By Tara Gibson - July 28, 2020
Across the country, urgent care facilities are responding to the fluidity of the COVID-19 pandemic by increasing, decreasing, or consolidating operations. Coordinating staff schedules during these fluid times can be challenging, so how can urgent care facilities best connect with staff to avoid vacant shifts?
Over the past few months, the COVID-19 pandemic has had a significant impact on the operations of urgent care facilities. In the first scenario, many were overwhelmed as hospitals turned away all but the most critically ill patients in order to cope with the influx of patients suffering from the virus.
In the second scenario, as the facilities suffered their own staff shortages due to illness and self-quarantine - and patients generally kept away from medical facilities in order to avoid contracting the disease themselves - the number of services was reduced and consultations were conducted remotely.
In a third scenario, some urgent care facilities are temporarily consolidating operations by closing some facilities and expanding the services available in others.
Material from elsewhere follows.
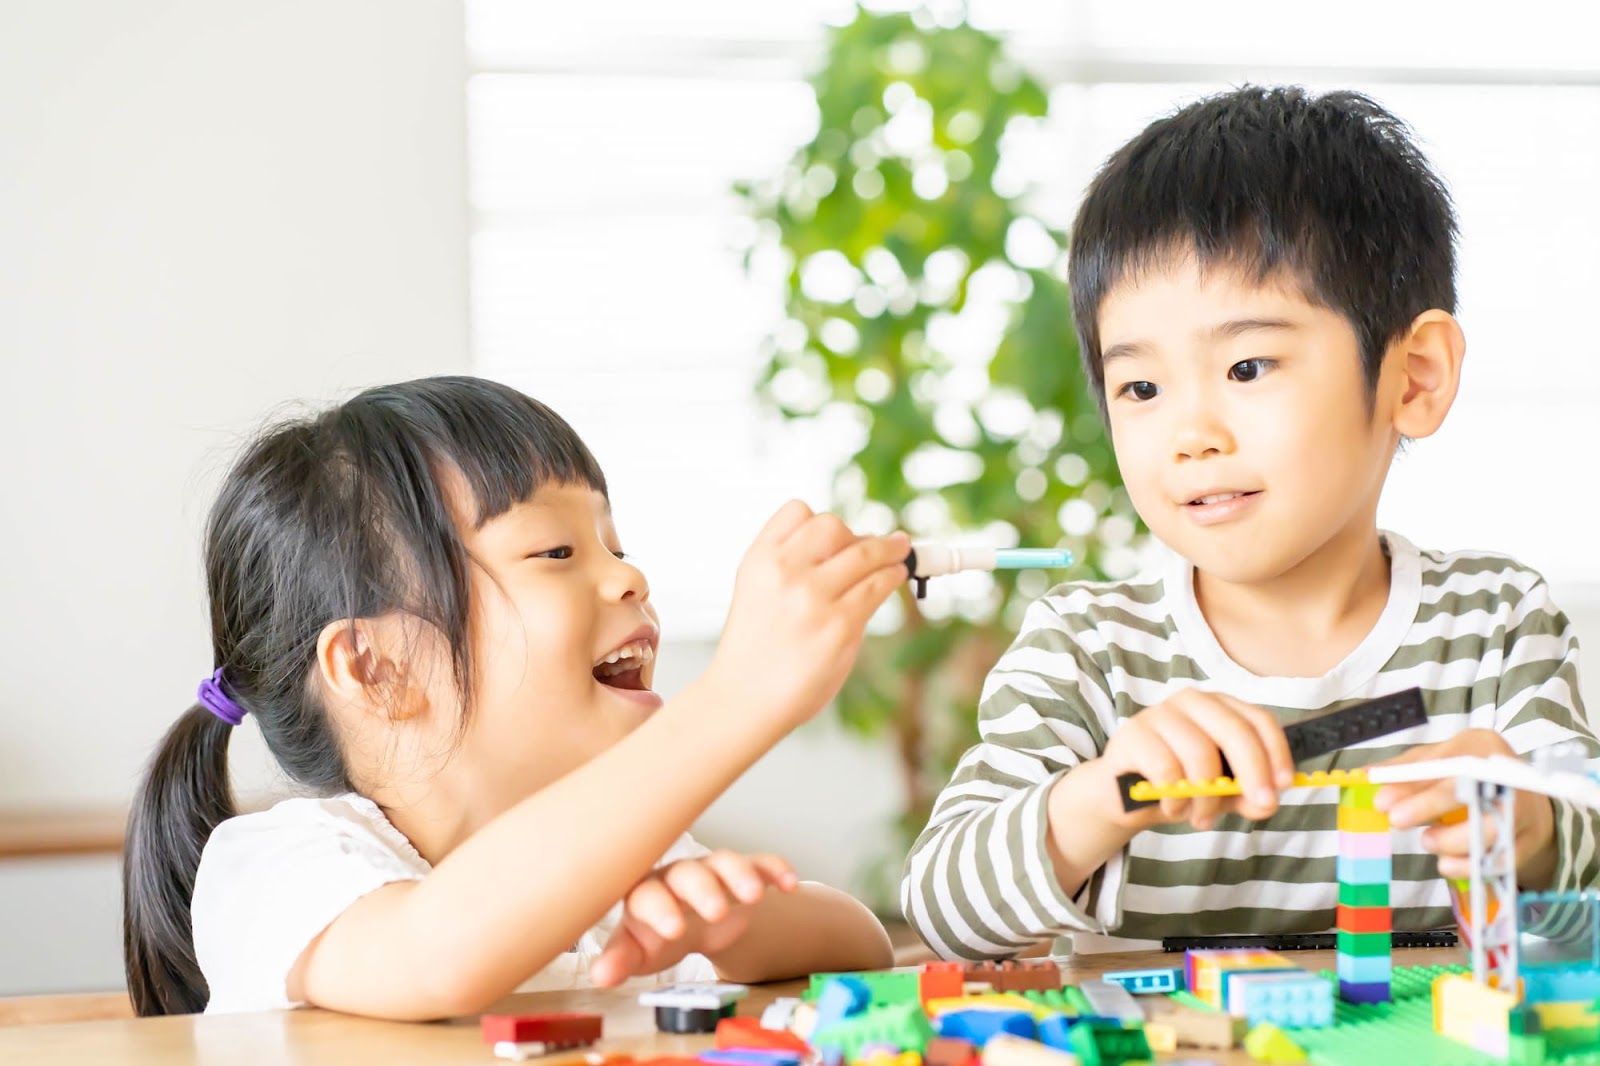 子どもの「考える力」を身につけるために家庭でできる遊びを3つ紹介

This this not only helps cover staff shortages, but also enables urgent care facilities to better comply with hygiene management requirements.
These scenarios can vary according the location of the urgent care facility, the rate of infection in that location, and the availability of staff - the second and third factors having the potential to change quickly if there is a significant, localized outbreak of the COVID-19 coronavirus.
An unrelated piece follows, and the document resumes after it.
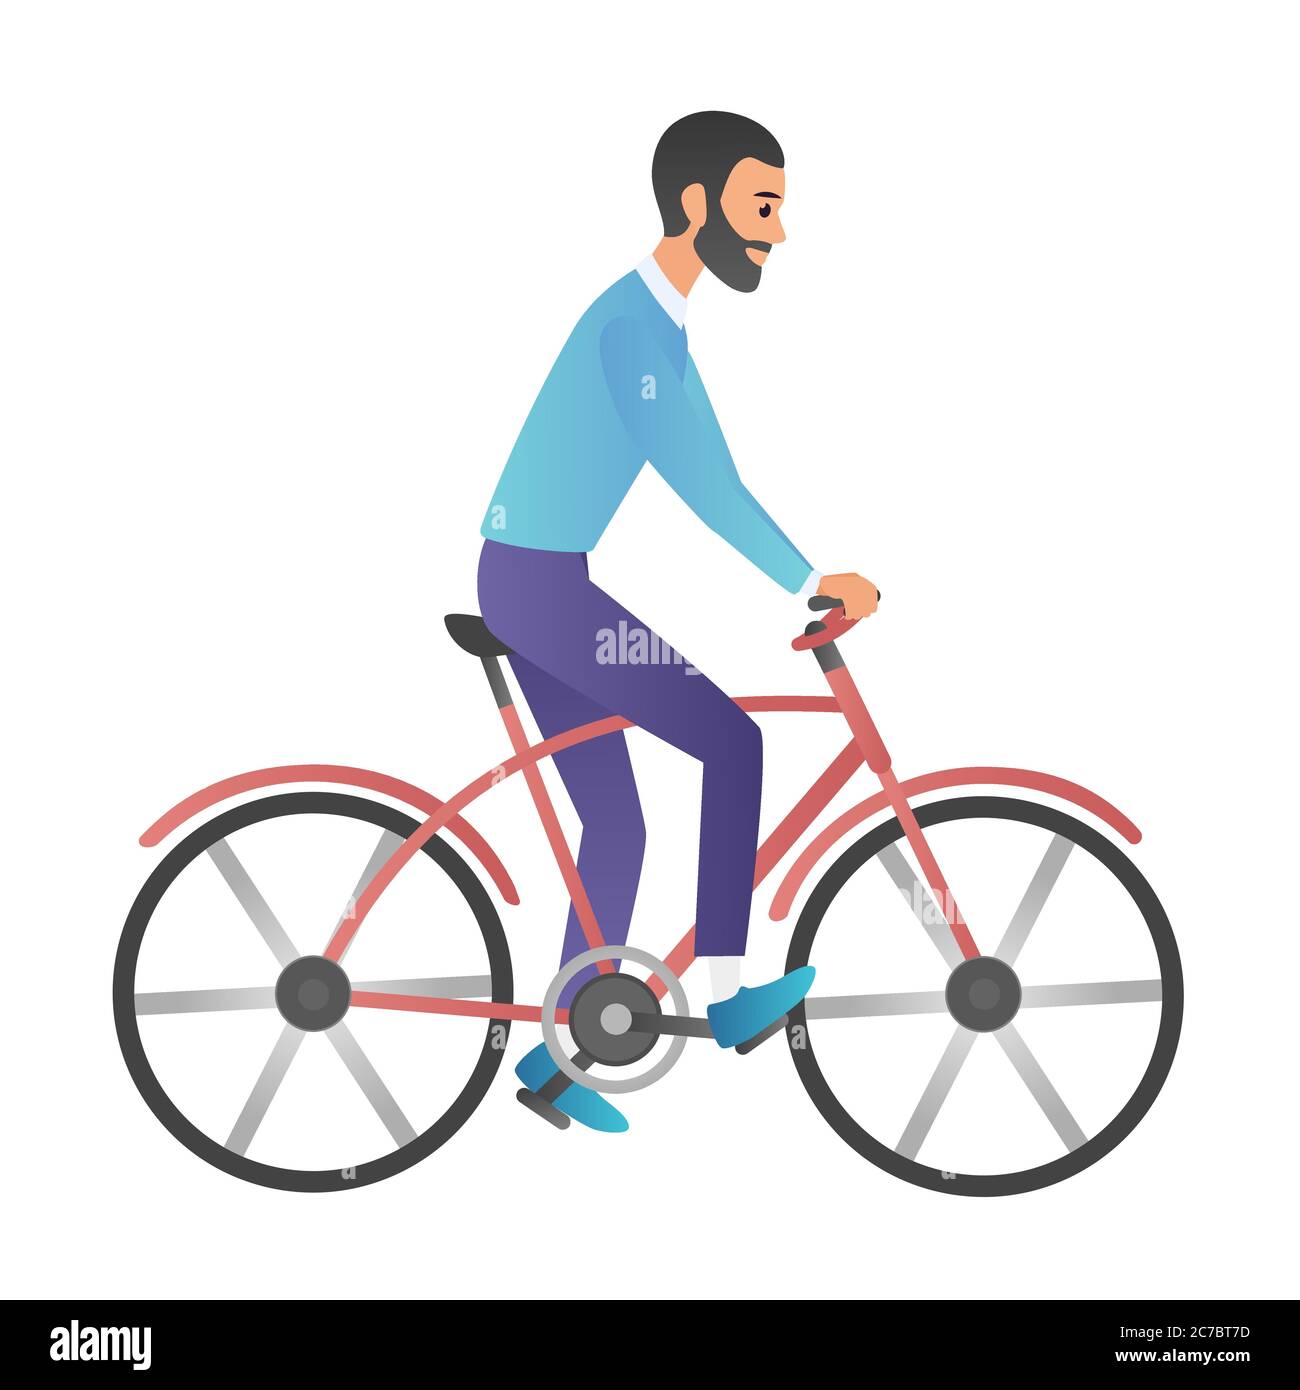 Illustrazione vettoriale in stile cartoon di uomo che corre sulla moto isolato su sfondo bianco. Stile sfumato cartoon alla moda Illustrazione Vettoriale

Rapid operational changes are more likely to impact staff than patients because the majority of patients either walk into an urgent care facility or arrange an outpatient appointment that can be re-scheduled if it is not possible for the patient to attend at an alternative site.
What is important is that the right staff are in the right place at the right time when patients walk in or arrive from another site; but, because of the nature of the COVID-19 coronavirus, it is rarely possible to plan rapid operational changes and staff scheduling well in advance.
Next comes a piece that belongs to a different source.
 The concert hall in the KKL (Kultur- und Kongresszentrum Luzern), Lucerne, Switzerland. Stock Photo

In smaller organizations, facilities can manage rapid operational changes by phone; but, in larger urgent care groups, manual processes can be time-consuming when there are deadlines to meet, shifts to fill, and the possibility of staff being unavailable due to illness and self-quarantine.
Therefore, it can be beneficial for larger urgent care groups to implement a messaging platform with a polling module. This can save organizations a considerable amount of time and money alerting staff to a change of schedule, a change of workplace, and/or a change of duties.
When an organization implements a messaging solution, the platform is populated by synchronizing its contact database with an existing database. Staff can then be segmented into an unlimited number of groups and subgroups according to their role, location, or other attribute.
Then, should there be a rapid organizational change - let's say Facility A is temporarily closing and its staff being relocated to Facility B - managers can send a single group message to staff scheduled to work in Facility A advising them of the change in schedule.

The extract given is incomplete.